Douze points pour la folie

Je oller, desto doller: Gib mir Glitzer, Gays und Gaga-Songs, denn dafür wurde der Eurovision Song Contest gemacht! Ich fordere ein Verbot von Balladen und allem, was irgendwie ernst gemeint ist.

Von Frank Richter

Schrille Kostüme, bunte Farben, schräge Töne – der ESC ist wie die Street Parade, einfach ohne LSD. Genau so will ich das. Wenn ich den Eurovision Song Contest gucke, erwarte ich die komplette Freakshow. Ich will Frauen, die lasziv Butter stampfen, während ihre eingeölten Brüste beinahe aus dem Dirndl hüpfen. Ich will als Werwolf verkleidete Männer, die rhythmisch tanzend Bananen und Grossmütter besingen. Ich will androgyne Feen, die auf eine E-Gitarre eindreschen, als hätte Satan Besitz von ihrem Körper ergriffen.

Was ich hingegen nicht will, sind Popsongs. Radio-Energy-Mitklatschnummern, die komponiert wurden, um im Stau stehende Aargauer vom Suizid abzuhalten. Und Balladen, die braucht auch kein Mensch. Jawohl, dieser ausgestreckte Mittelfinger geht in Richtung Frankreich. Klar, ihr habt Sänger:innen mit gewaltigen Stimmorganen und könnt einen Dreiminüter in Moll komponieren, dass einem die Tränen sturzbachmässig die Kimme runterströmen. Aber ganz ehrlich, wenn ich Hintergrundberieselung zum Ritzen suche, lass ich irgendwas von Céline Dion laufen. 

Nussecken und Himbeereis

Als Kind musste ich den ESC mit meinen Eltern gucken. Ich fand ihn sterbenslangweilig. Menschen sangen in Sprachen, die ich nicht verstand und trugen dabei Föhnfrisuren, die ich noch weniger verstand. Dann ein Abstimmungsprozedere, das kein Ende nahm. 

Doch 1998 erfolgte ein Lichtblick. Stefan Raab machte den ESC Gaga. Also eigentlich nicht er, sondern ein Mittdreissiger mit schütterem Haar. 

Er sang in einem türkisenen Anzug mit Schlaghosen: «Guildo hat euch lieb.» Als er ins Publikum rannte, gab es kein Halten mehr.
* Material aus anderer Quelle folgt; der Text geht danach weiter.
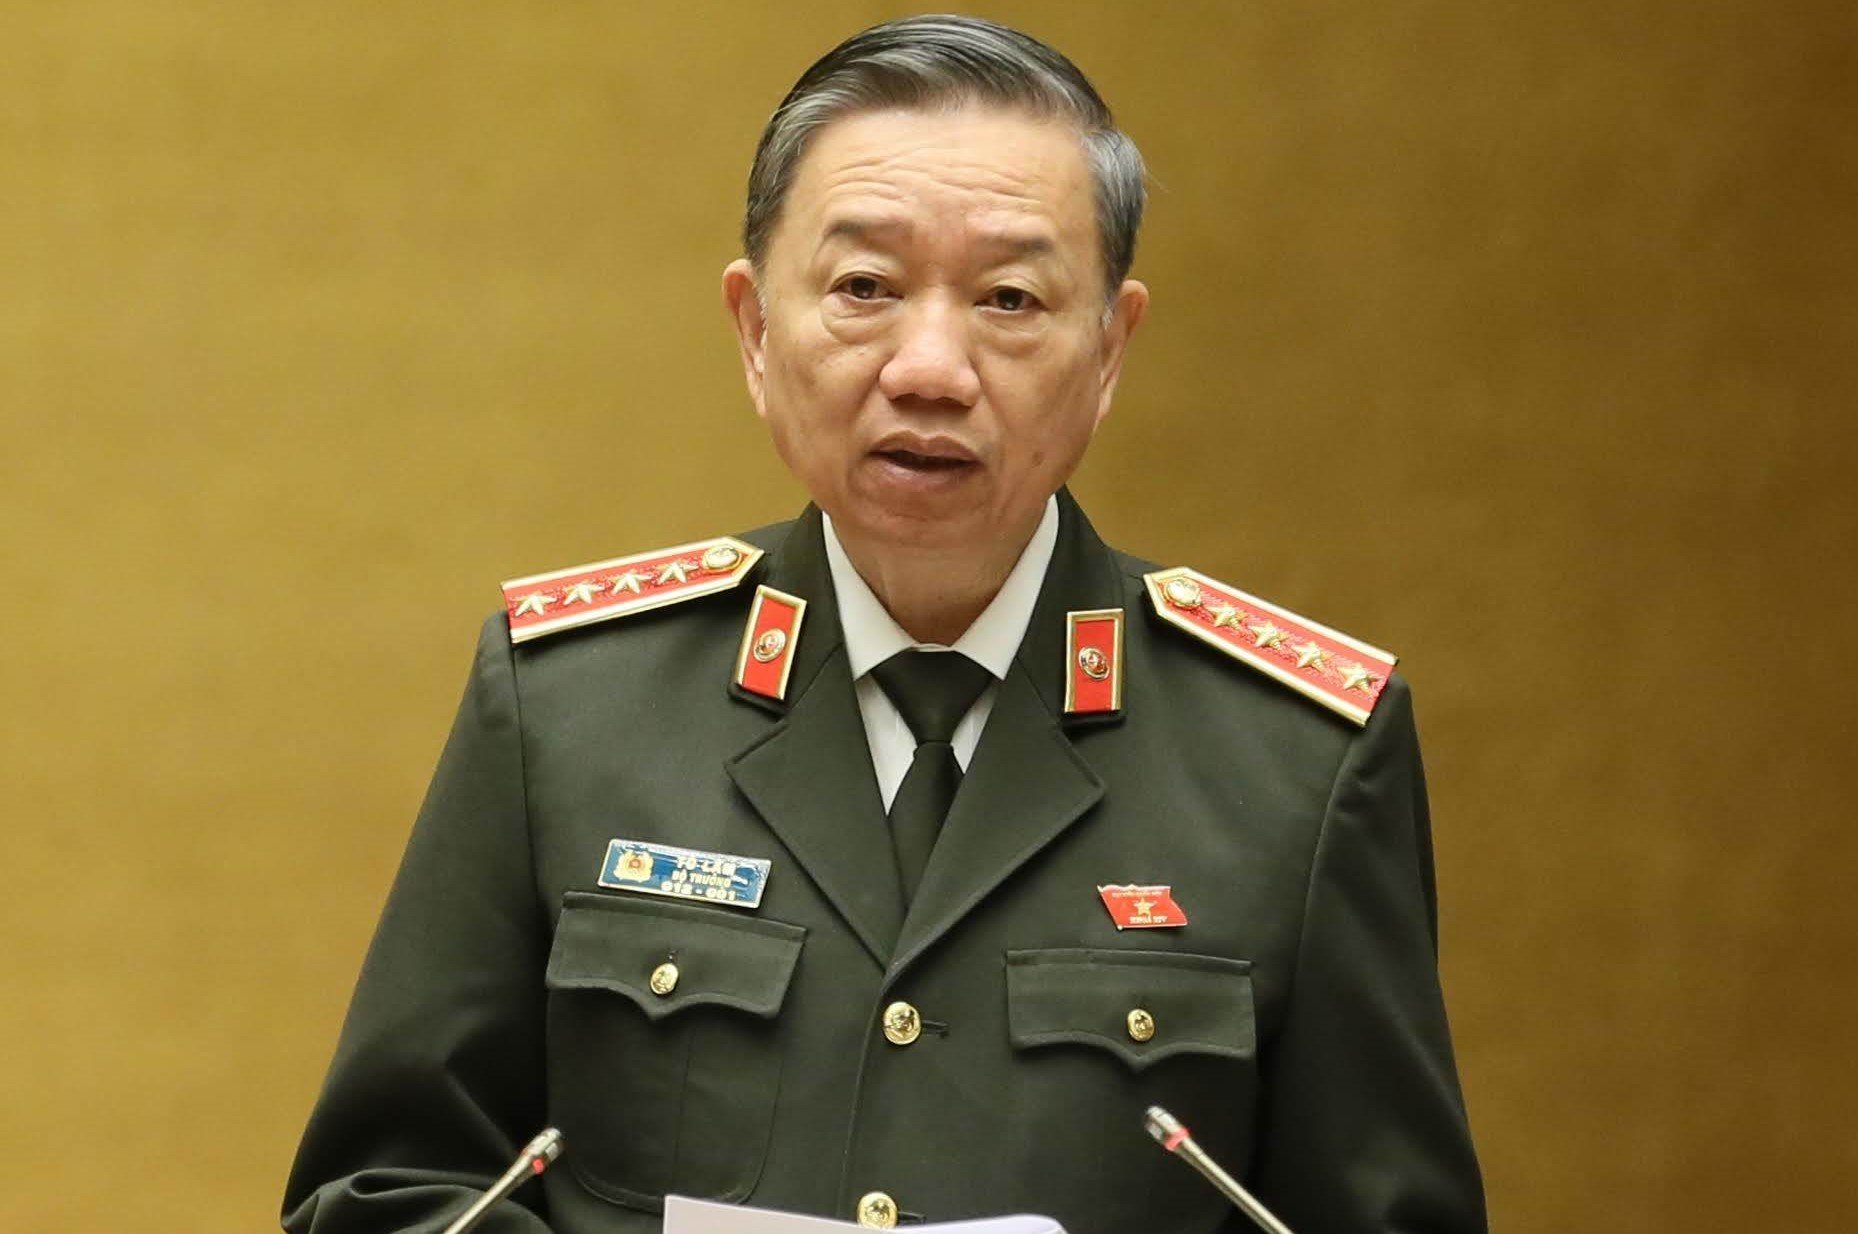 Bộ trưởng Tô Lâm: Sử dụng biện pháp vũ trang chủ yếu là cảnh sát cơ động

Die zuvor höchstens schunkelnden Menschen standen auf, klatschten und tanzten frenetisch mit. Guildo Horn kletterte die Bühnendeko empor und sang sich direkt in mein Herz. Was für ein beknackter Song, was für ein verrückter Typ, aber vor allem, was für eine wahnsinnige Partystimmung. Mein Kollege Fabian und ich riefen im Anschluss 25 Mal für Deutschland an und schenkten dem Land unsere Stimmen sowie der Swisscom einen halben Lehrlingslohn. 

Entertainment vs. Qualität

Seit Guildo Horn schlägt mein Herz für die Gaga-Nummern beim ESC. «Aber das hat mit Musik doch nichts zu tun», höre ich die Musik-Aficionados jammern. Stimmt. Aber genauso gut könnte man ins Feld führen, dass McDonald’s nichts mit gesunder Ernährung zu tun hat. Satt macht’s trotzdem und zum Scheissen reicht’s. Oder ums auf den ESC umzumünzen: Es ist ein Entertainment-Wettbewerb, die Musik ist zweitrangig. Im Zeitalter von TikTok und Insta will man viral gehen – und das schafft man nicht mit einem 08/15-Lied. Es braucht eine finnlandschwedische Comedytruppe, die über einen Saunabesuch singt oder einen estnischen Rapper, der mit «Espresso Macchiato» seiner Italien-Liebe die Krone aufsetzt.  

«Aber Nemo hat letztes Jahr bewiesen, dass ein guter Song wichtiger ist als eine Gaga-Performance!» Ganz ehrlich, hätte Nemo gewonnen, wenn der durchgeknallte Techno-Holländer nicht disqualifiziert worden wäre? Werden wir nie erfahren und deswegen bleibt’s für mich dabei: Der ESC ist das Trashfest des Jahres. Darauf eine Nussecke mit Himbeereis.